We made reservations at a restaurant called Alleycats. We'd been there before and it was a nice place. However, when we arrived at the address we realized that there are 8 Alleycats restaurants in Taipei and the place where we had reserved a table was just a wall-less outdoor patio with maybe a dozen seats total at the whole place. As tempting as eating pizza with mittens on while sitting in the freezing cold sounded, Kris called and got the reservation changed to a different Alleycats.
Yay, pizza and wine!
About halfway through our meal, Mother Nature decided to shake things up a bit with a 7.0 earthquake! Definitely the longest and shakiest earthquake I've felt so far. After the shaking ended I took a video of the lights moving over our heads... I'm sure that's perfectly safe...
The best part about Alleycats? There were REAL CATS hanging out in the restaurant. One cat slept right by our table, which allowed many opportunities for us to poke at him. I miss having a cat!
After our meal Samuel asked the band to play "Happy Birthday" for Christine so we moved to another table closer to the stage. After we sat down we noticed one of the waitresses was shaking the shit out of a little KITTEN to the beat of the music. When she saw the hearts in our eyes she brought the KITTEN over to Mel and we got to take turns holding her. Her name was Margarita and she was so purry.
Blowing out candles and wishing for a date with Godfrey.
After using the women's washroom, I rejoined my friends and we took a taxi to the Living Mall, where we were going to a club for some drinks. The Living Mall is definitely the coolest looking mall with a ball bursting out of it that I have ever visited. Unfortunately, this amazing ball-busting mall didn't have the club I'd read about online. Someone who worked there told Kris that it closed quite a while ago. Screw you, outdated internet websites!
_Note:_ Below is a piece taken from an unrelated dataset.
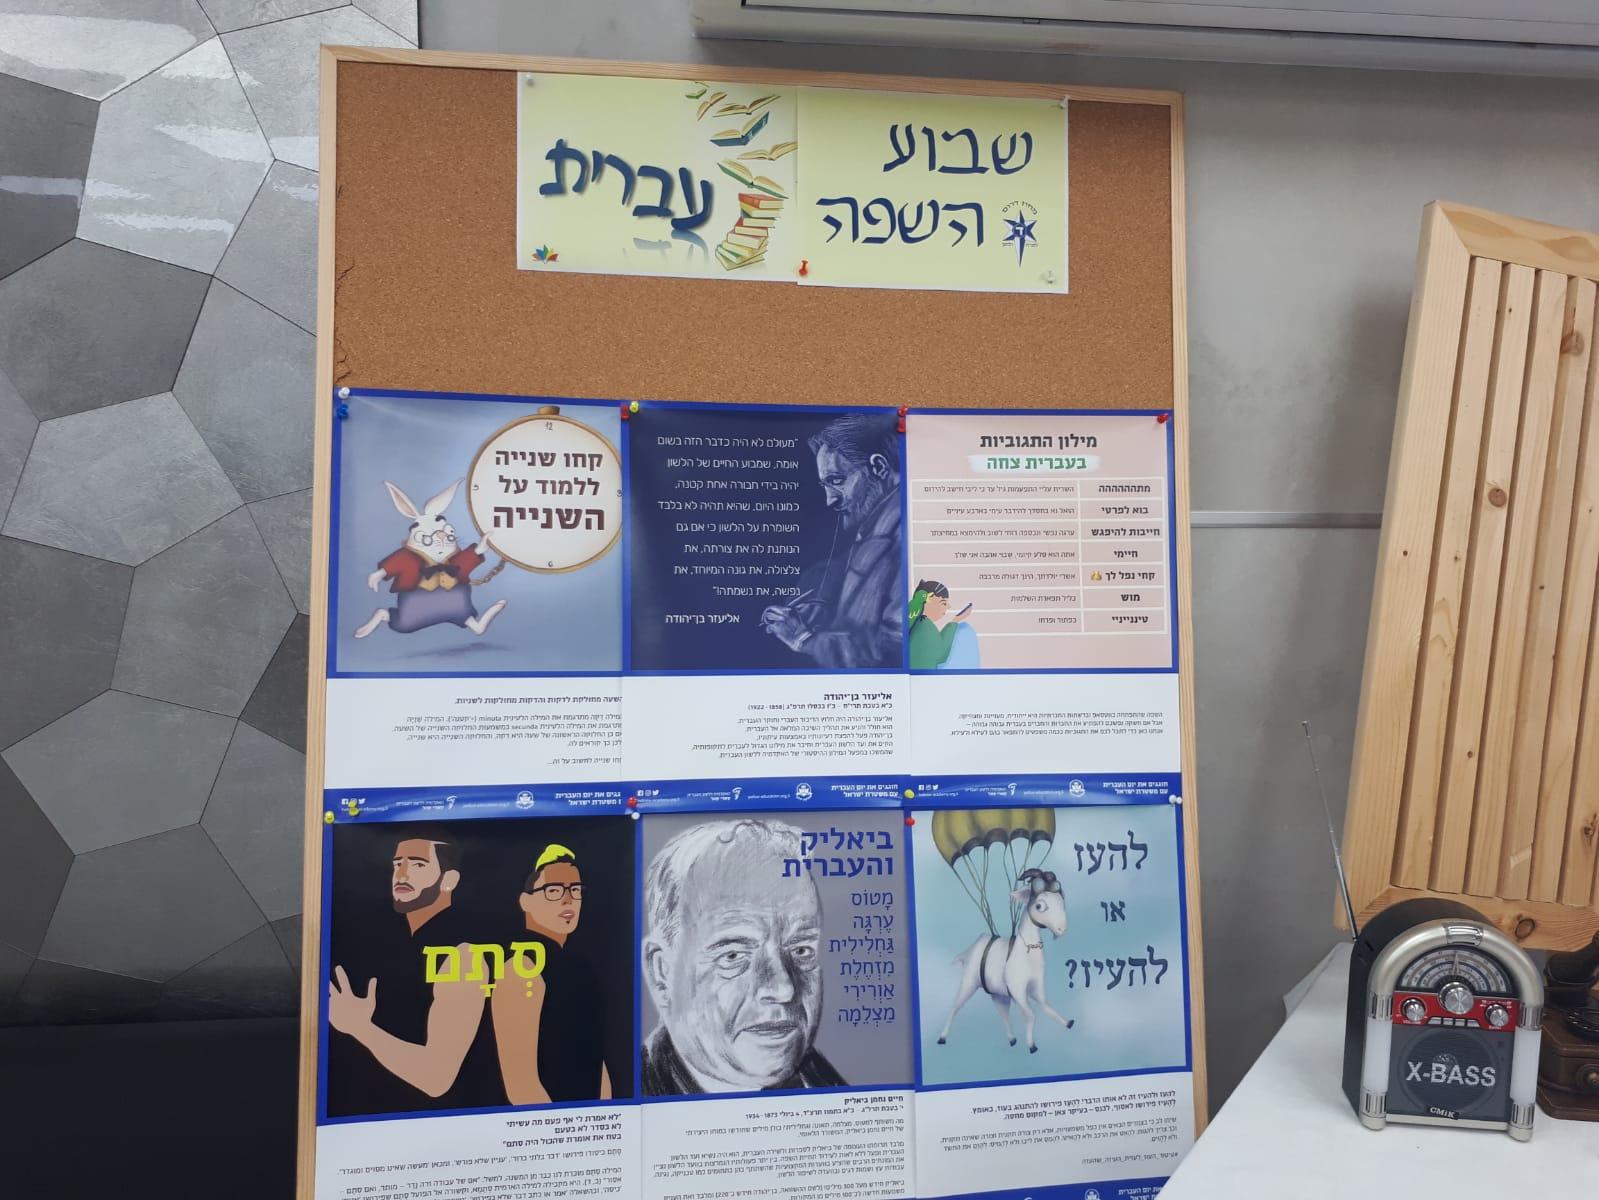 חוגגים את יום העברית עם משטרת ישראל

Plan B: Mark had heard about a place called the Black Might nightclub in Ximending that he was curious to visit, so we took a quick bus ride there. This was the safest, most secure club I've ever been to because we had to go through three security checks where they used security scanners like they have at airports, they went through everyone's bags, and there must have been at least a dozen security guards just at the entrance. I was expecting to find a pretty rough place when I got into the club, but it was just your typical Taiwanese dance bar (with 90% horrible generic rap music and 10% Poker Face/Sorry Sorry).
How to build a Taiwanese dance bar:
#1- The bar should be all-you-can-drink (yay!) and it should be way more expensive for the men than the women (hissss!)
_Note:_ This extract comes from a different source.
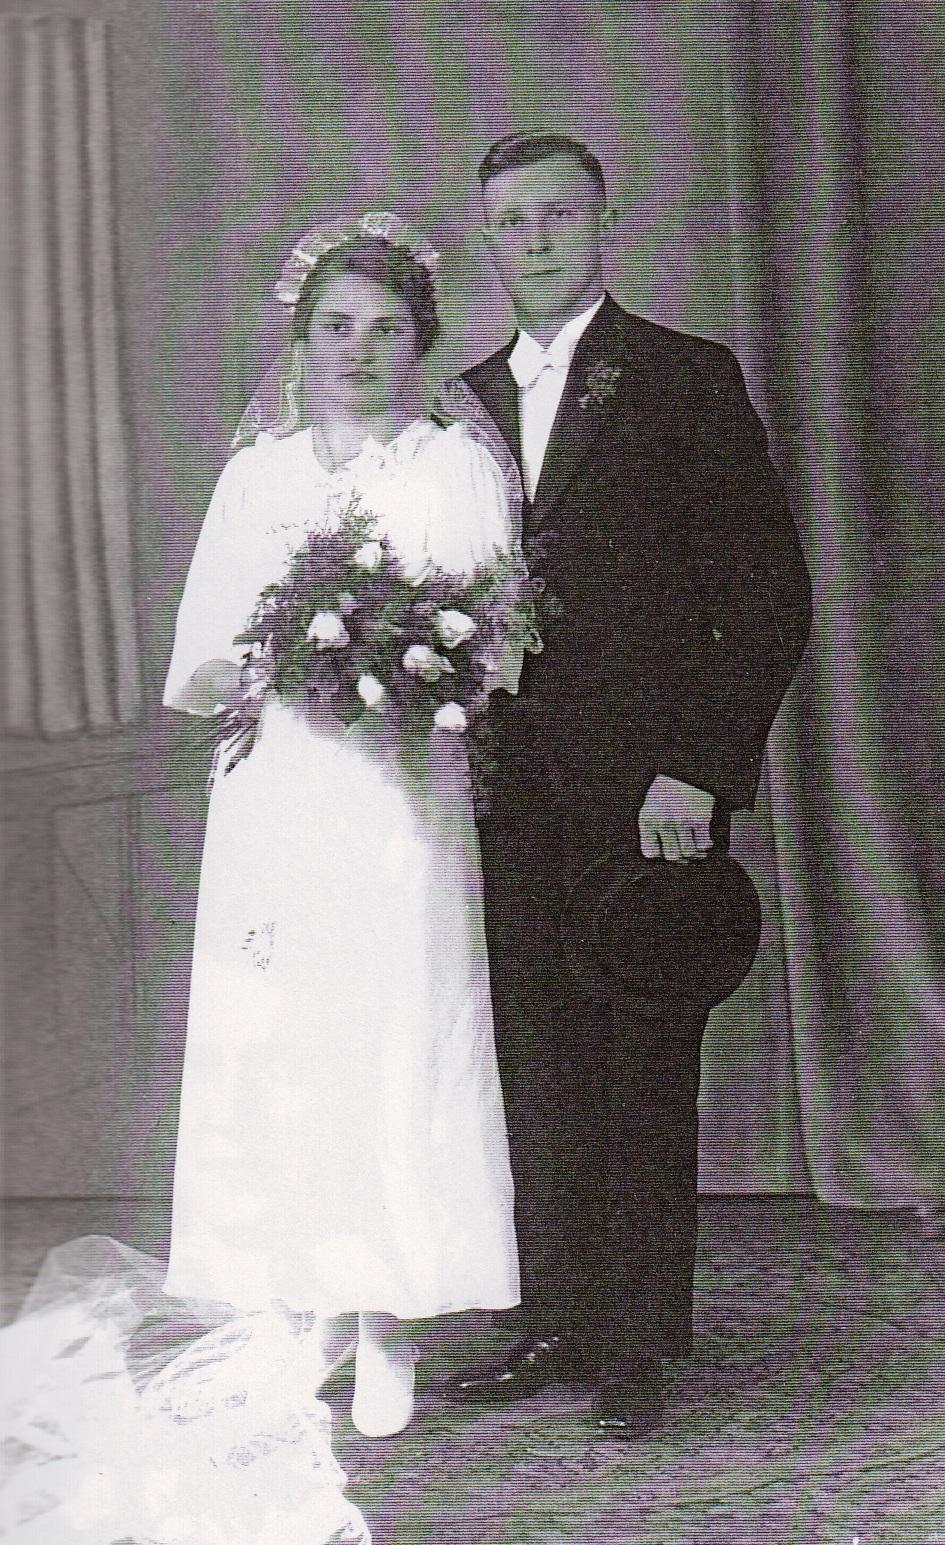 Franz Ritter und Eva Fels

#2- There should be lots of seats but you keep kicking me and my friends out of them because they're "reserved" even though no one ever arrives to sit in them
#3- The bar staff should put on a fire/juggling act around 1am
#4- Bring out the tramps to dance on stage as soon as the juggling is finished
#5- Pull some bar stars up on stage and encourage them to strip. Make sure that you choose people who have clearly already planned to climb up on the stage and wore a leather bra accordingly.
#6- Play "Poker Face" and "Sorry Sorry"
#7- Be so smokey that our eyes burn and our clothes never lose the aroma of Marlboros
#8- Tell my friend (even though it's her birthday) that she can't sit on the stripper pole platform, even though nobody's using it and even though she just cleaned it off with her own wet nap.